Fue apresado por eso y cuentan que se enamoró de la hija ciega del carcelero, le devolvió la visión y le envió una carta de amor que firmó como «de su Valentín». Fue ejecutado un 14 de febrero.
Como esa, existen otras historias sobre el origen de la fecha que nos invitan a sentir la fuerza de ese sentimiento, capaz de saltarle por encima a las leyes más recias y perdurar más allá de la muerte.
Vive en cada detalle, en cada gesto, cada palabra. Se alimenta de caricias, de besos, de frases. Domina mil idiomas y se adapta a todas las culturas. Su lenguaje es el más universal y aun sin bandera vive en todas las naciones y pasa por encima de los límites geográficos.

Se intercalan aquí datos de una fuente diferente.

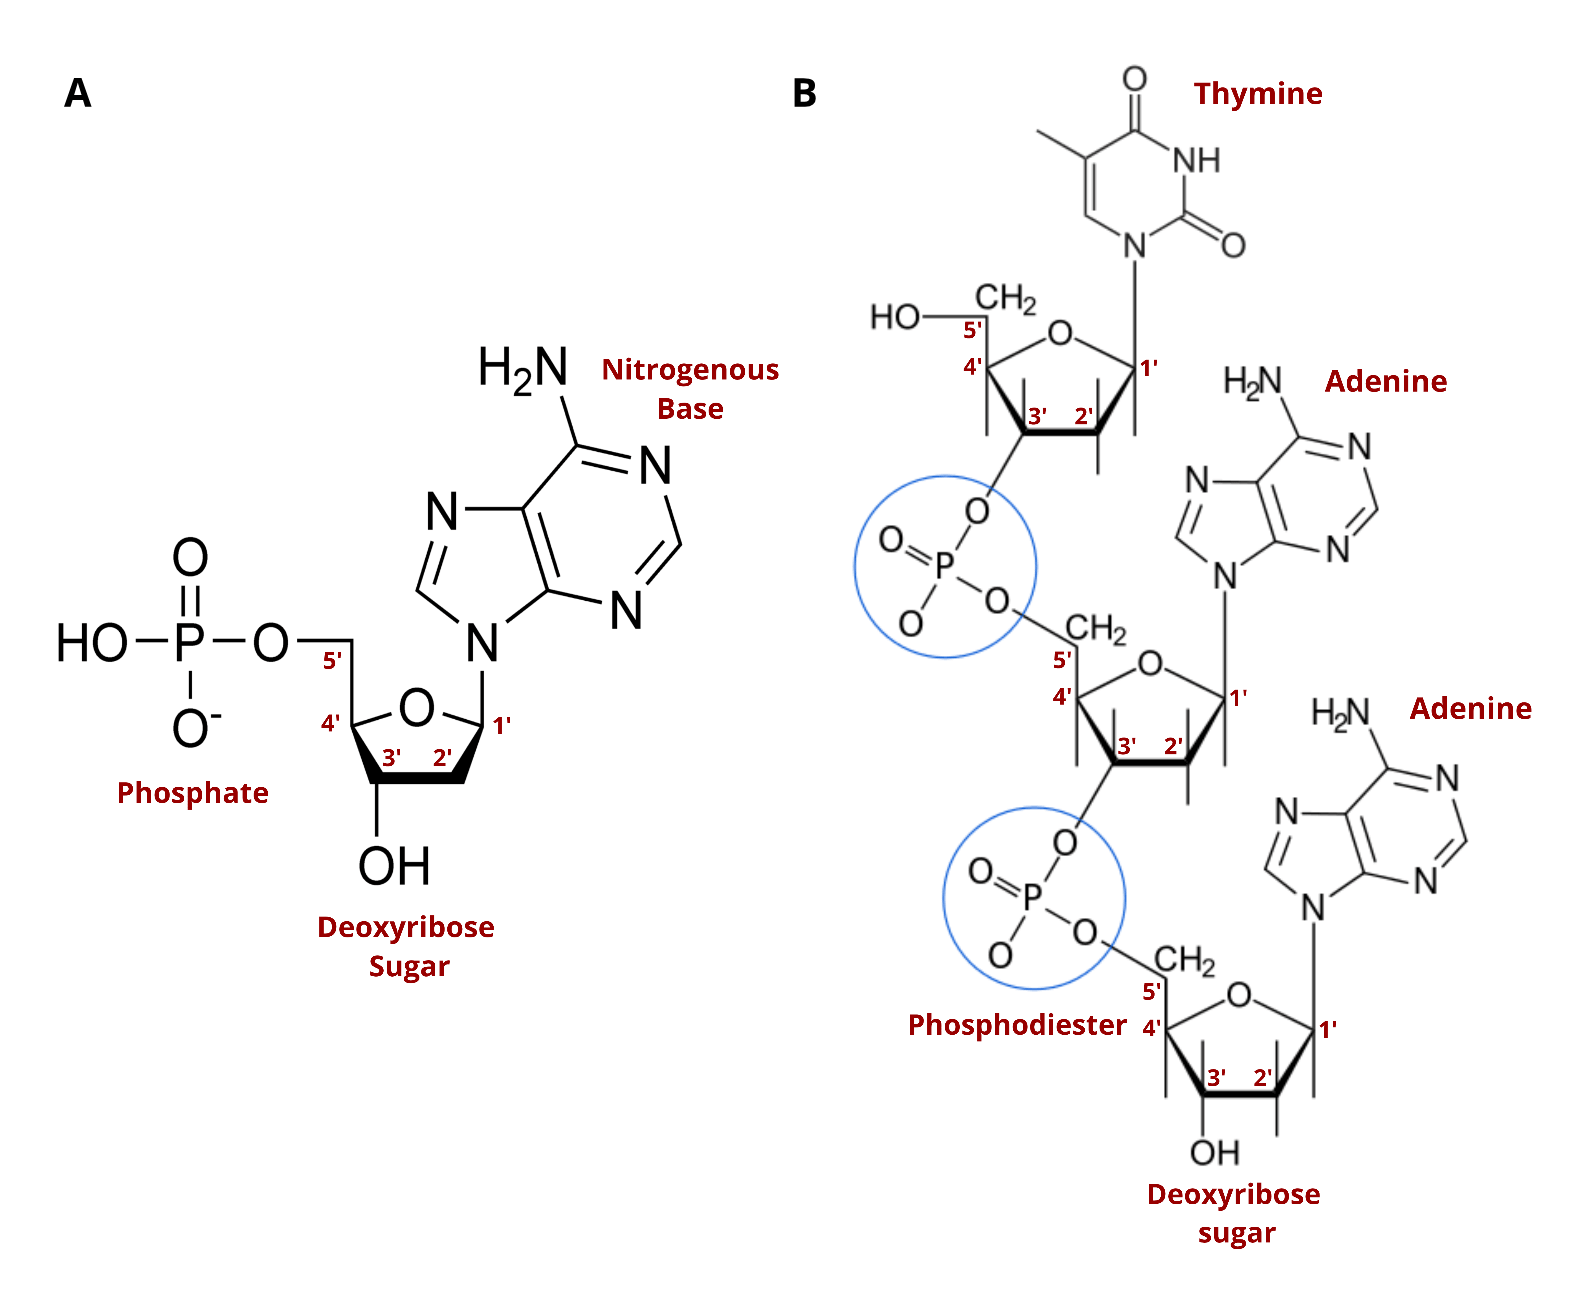 Chemical structures of both a nucleotide and an oligonucleotide.

Aunque dedicamos un día a celebrar este sentimiento, amamos en todo momento. Aun cuando fingimos sentir odio estamos pensando en el otro, queriendo al otro. Ni siquiera enfadados dejamos de querer, ni con arrugas en la frente y canas, y sin sonrisa en los labios. Simplemente porque somos seres humanos, y ni los más recios de corazón pueden contener la delicia de sostener un bebé, la dulzura de besar una boca, la calidez de un apretón de manos o la fortaleza que imprime un «te quiero».